Townsend's routine ranges from explorations of co-workers who steal lunches from the office refrigerator to poverty and the goings-on in housing projects:

Whenever they talk about the projects, they always want to show a bunch of black people hanging out on the corner. They don't ever show the white projects. They got 'em. What do you think a trailer park is? Projects on wheels.

Oquendo said most of the time the troupe is received warmly. But members have experienced some icy moments.

"When we started doing the show a year after 9/11, we would bring up the Middle Eastern comic and you could feel the tension in the audience," he said. "But when he got going, people cracked up and relaxed."

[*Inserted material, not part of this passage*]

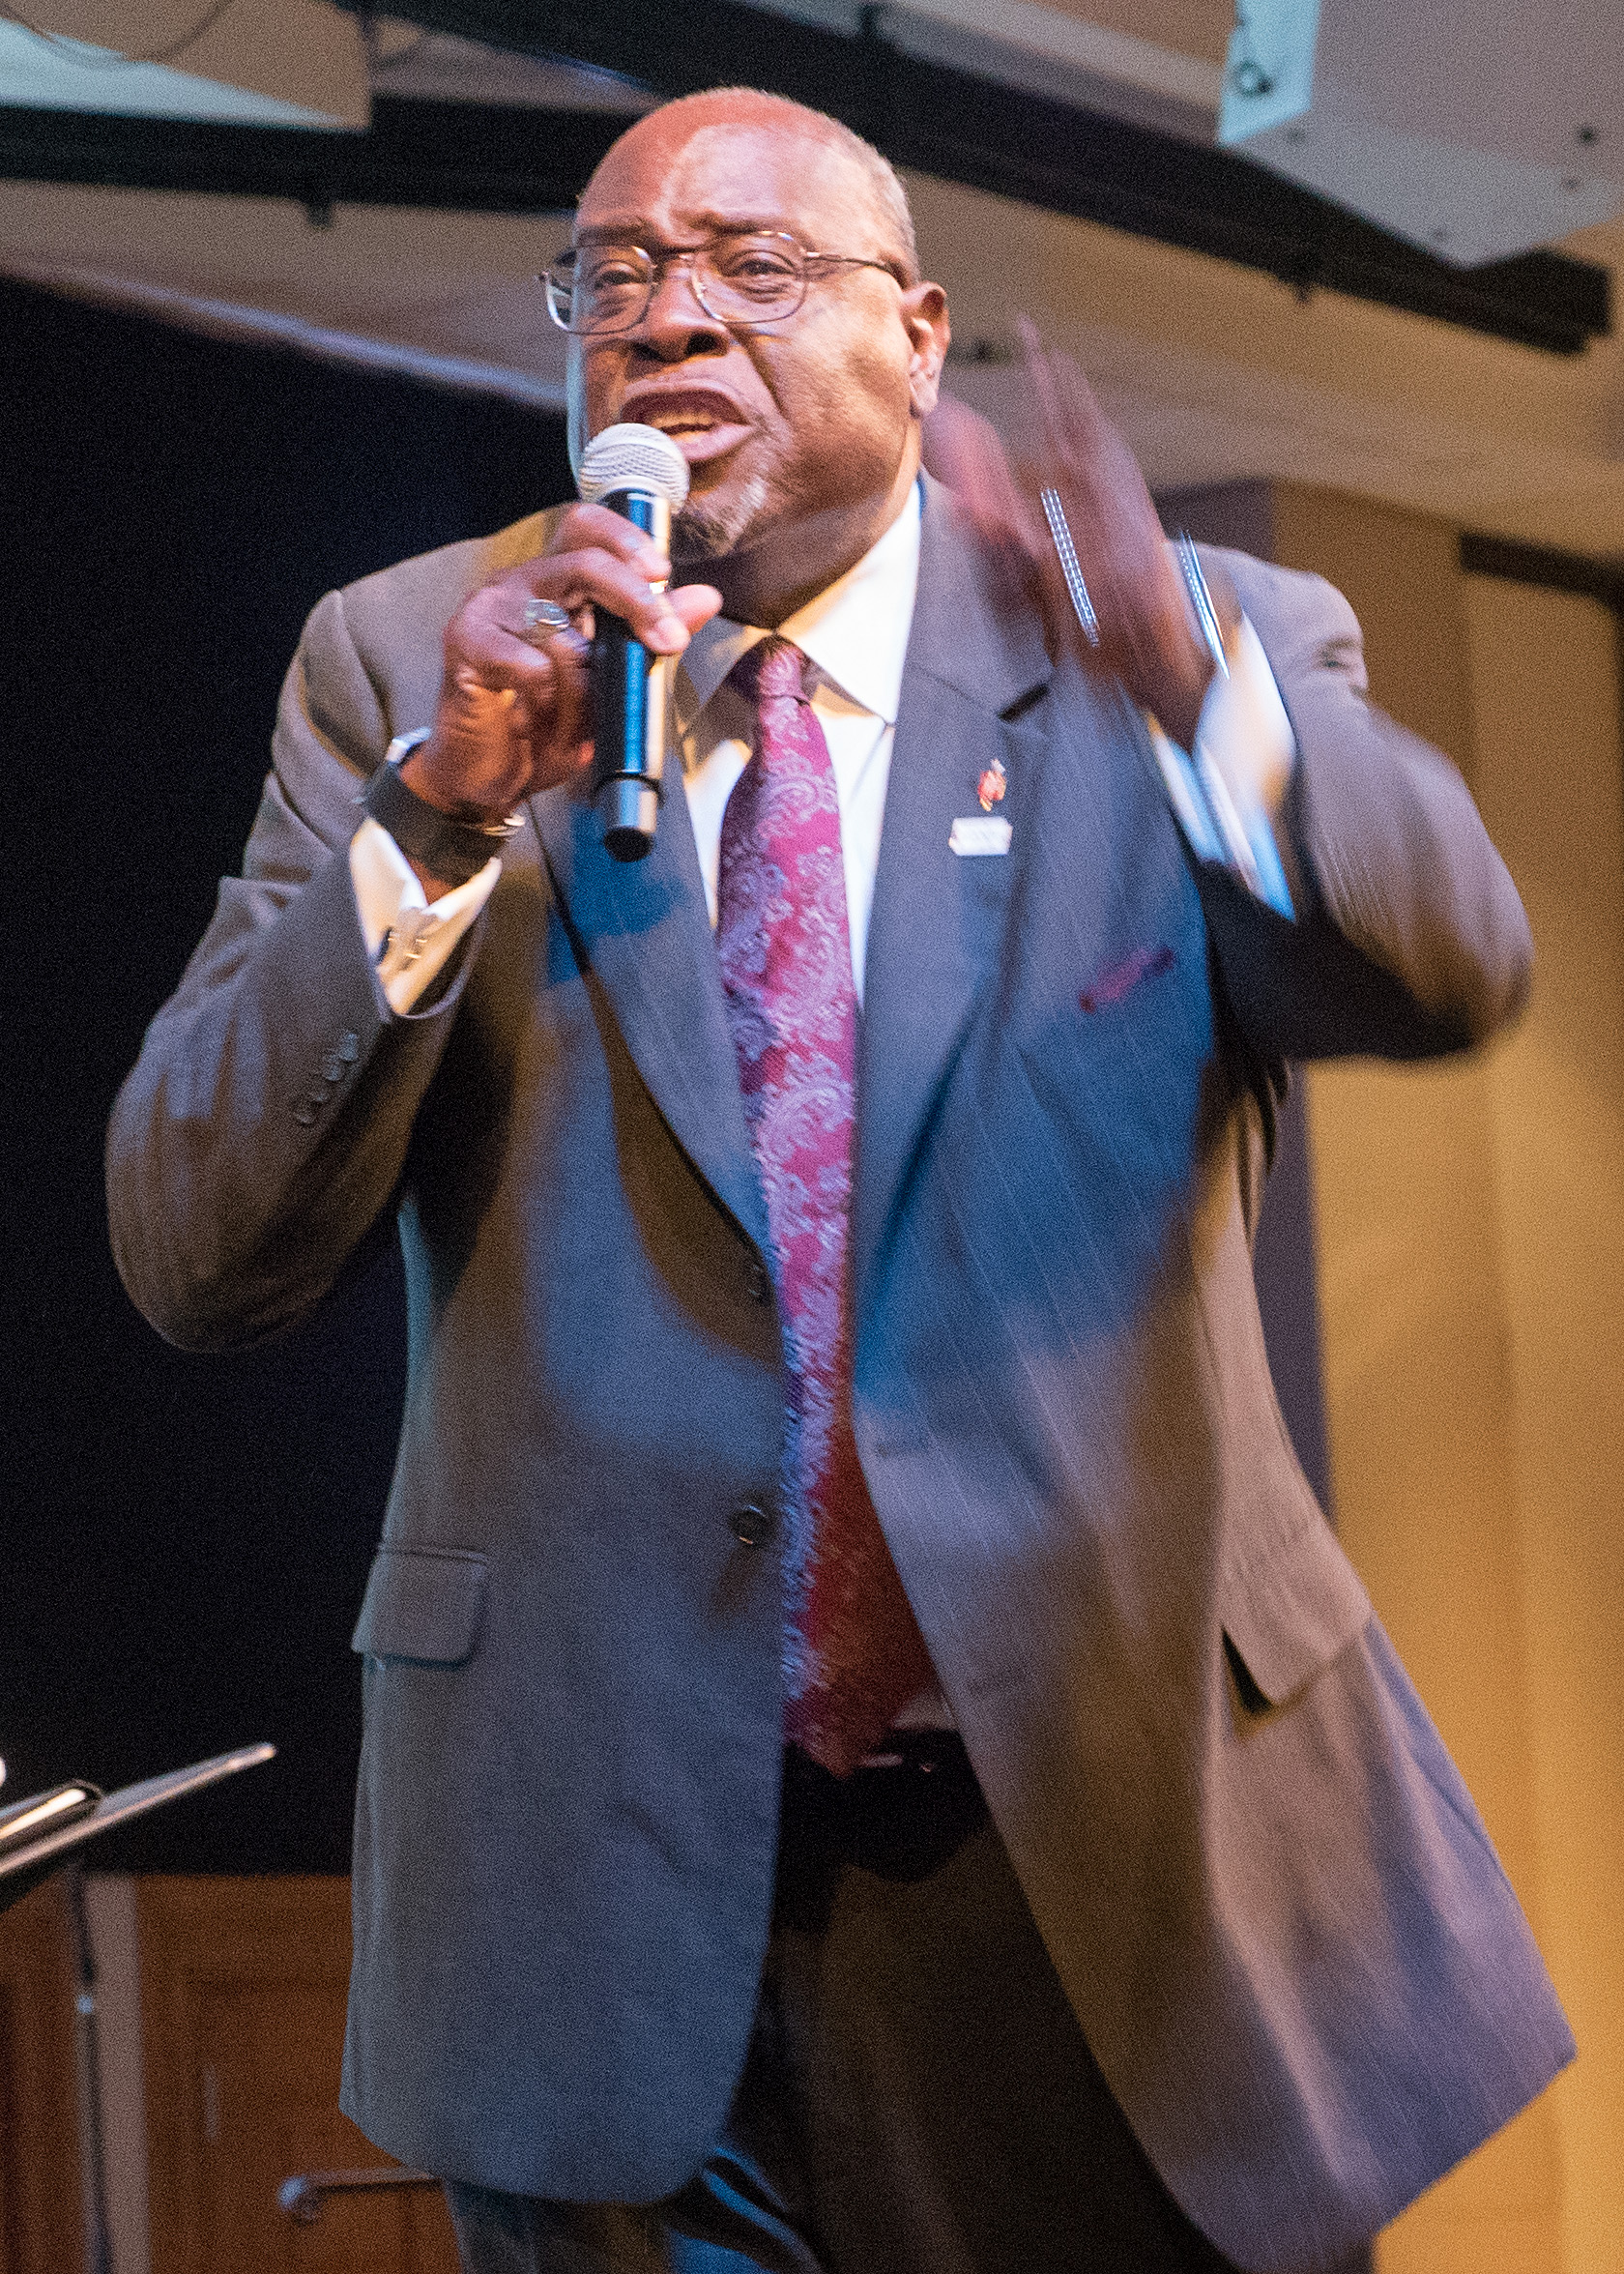 Mississippi Area Bishop James Swanson preaches during evening worship April 28 at a Wesleyan Covenant Association gathering. Photo by Tim Tanton, UMNS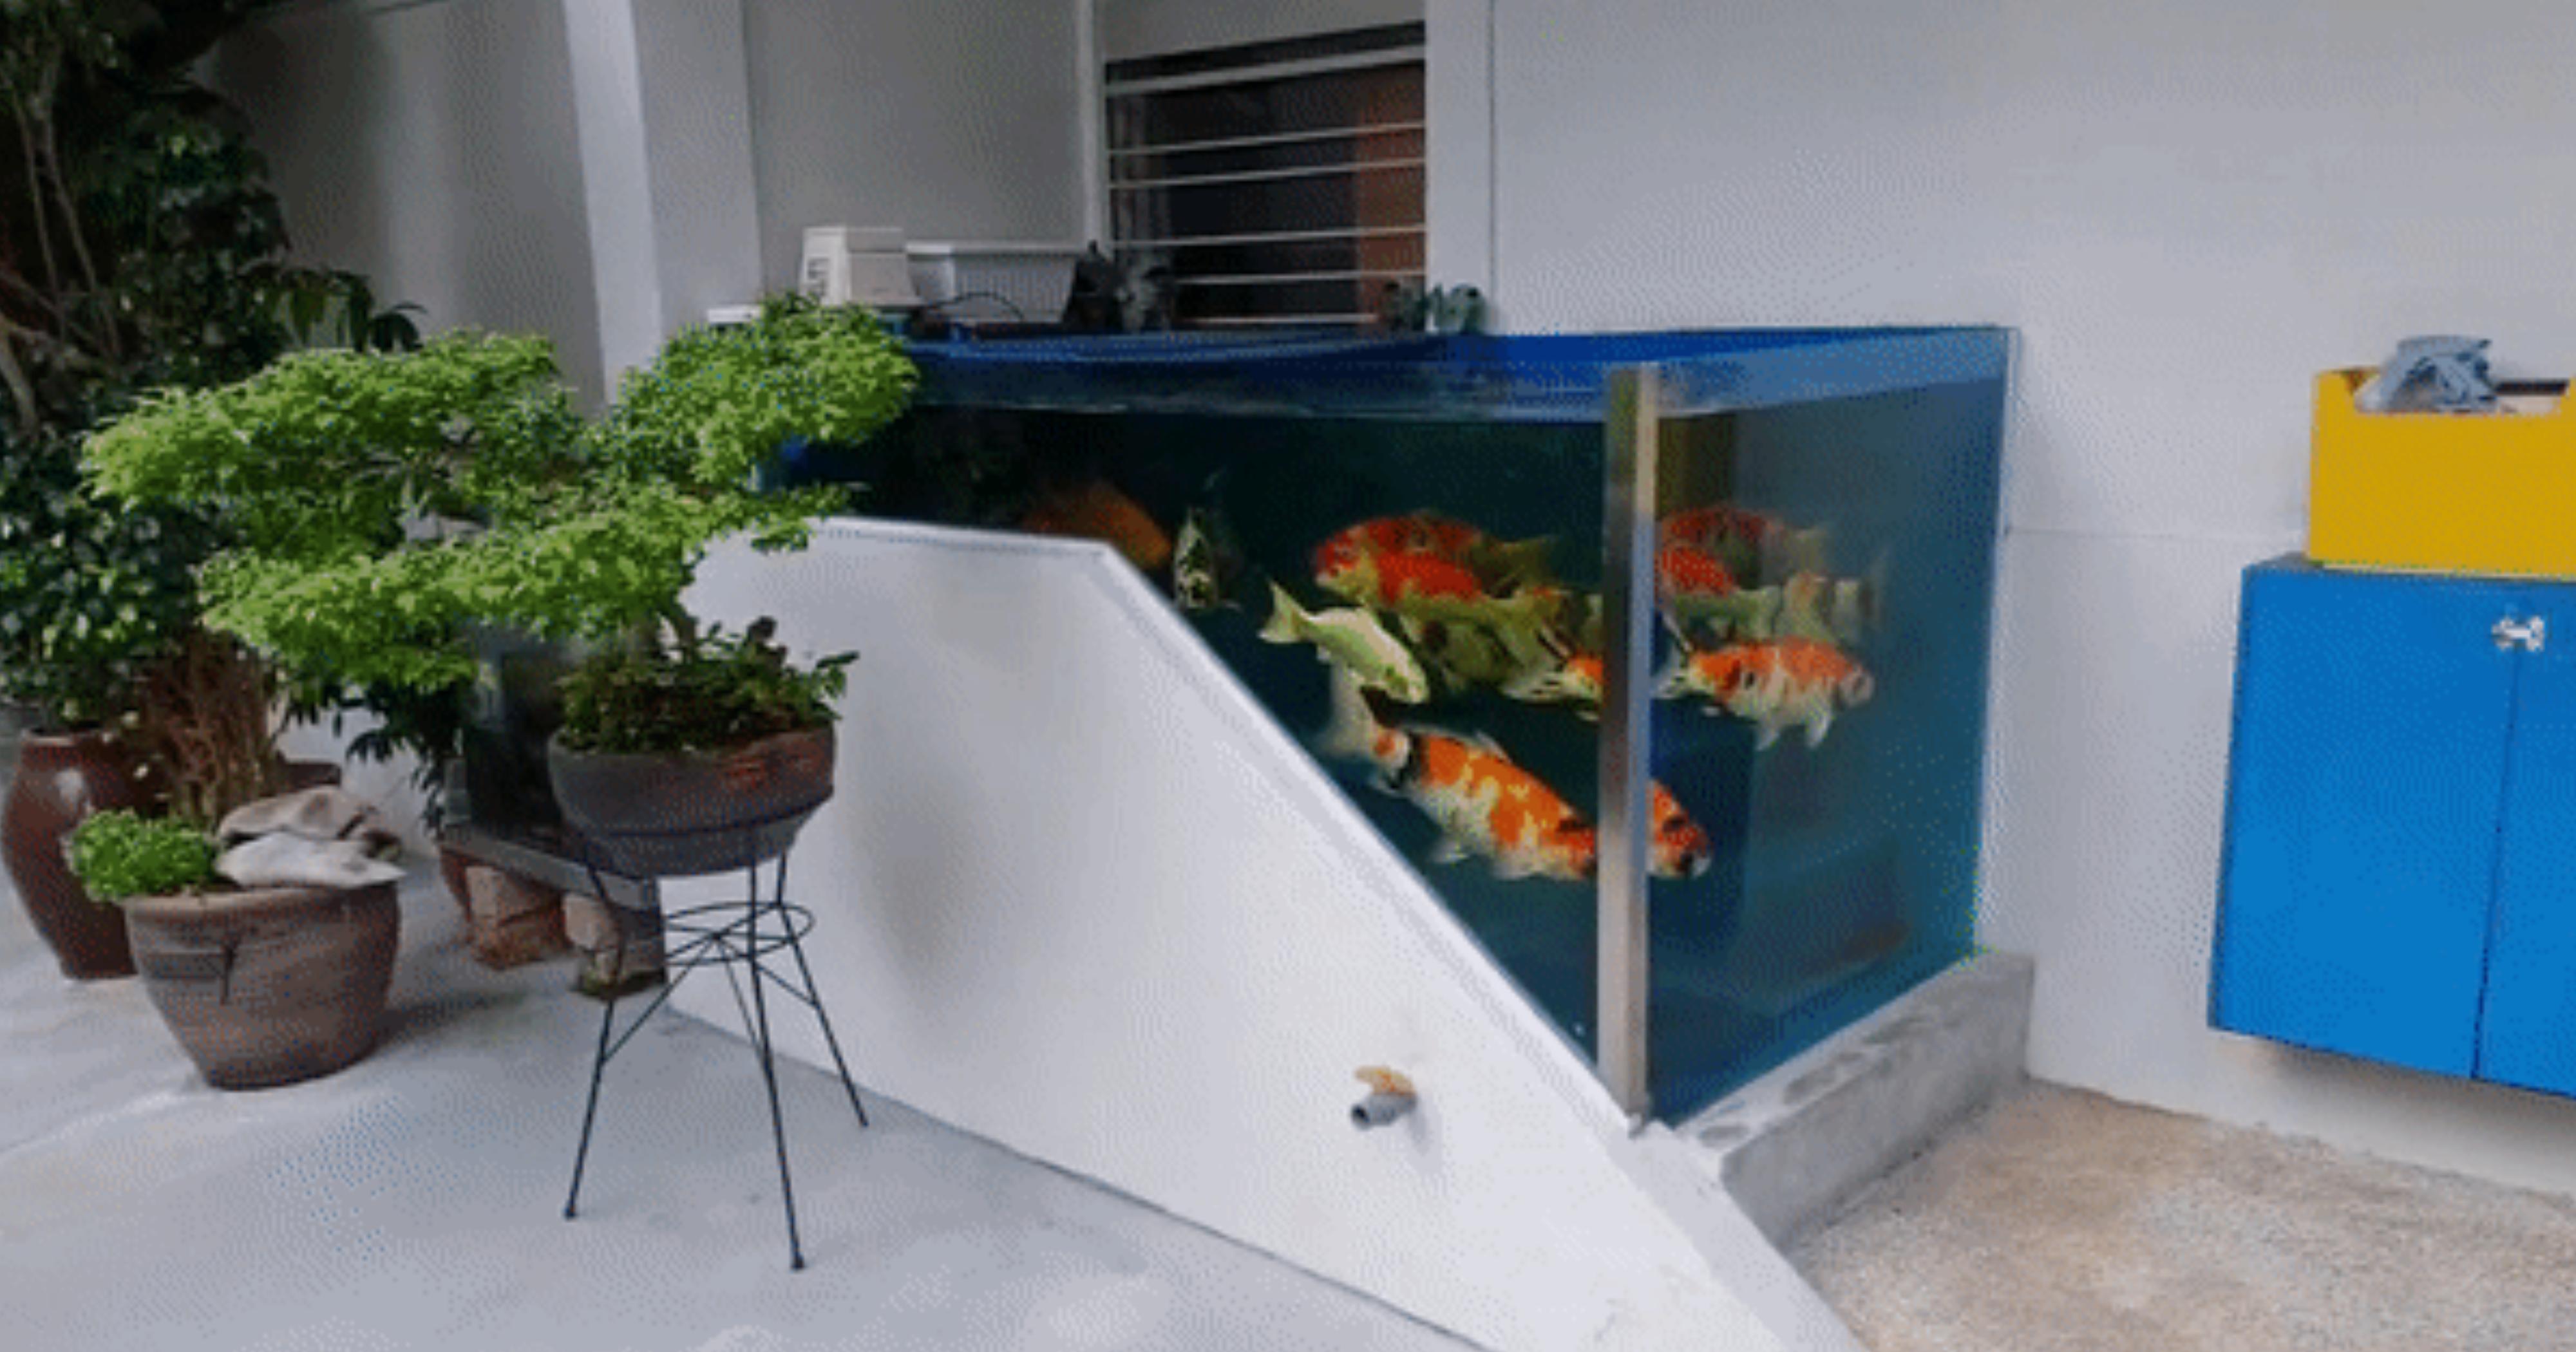 Tampines flat koi pond to be removed soon, HDB rejects appeal

Oquendo knows that talking about race is tricky even if humor is involved. So he often opens the show with this story:

A Jewish woman comes up to me at Jewel and she recognizes me from one of the shows and she says, "I have a joke for you. Why weren't there any Puerto Ricans in 'Star Wars?'" I said, "OK, why?" She said, "Because they didn't work in the future either." I laughed. It was funny. I wasn't mad at her. Then I said to her: "I have one for you. What's the difference between a Jew and a canoe? A canoe tips." She said, "I tip."

Oquendo told me that the woman immediately became defensive.

"Was either of us trying to be hurtful or malicious? No," he said. "But you have to be careful.

"I tell people (the comedian and actor) Freddie Prinze once said, 'My dad was Puerto Rican and my mom was Hungarian and they met on the subway trying to pickpocket one another.' That was provocative, but it helps when it's also thoughtful and really funny."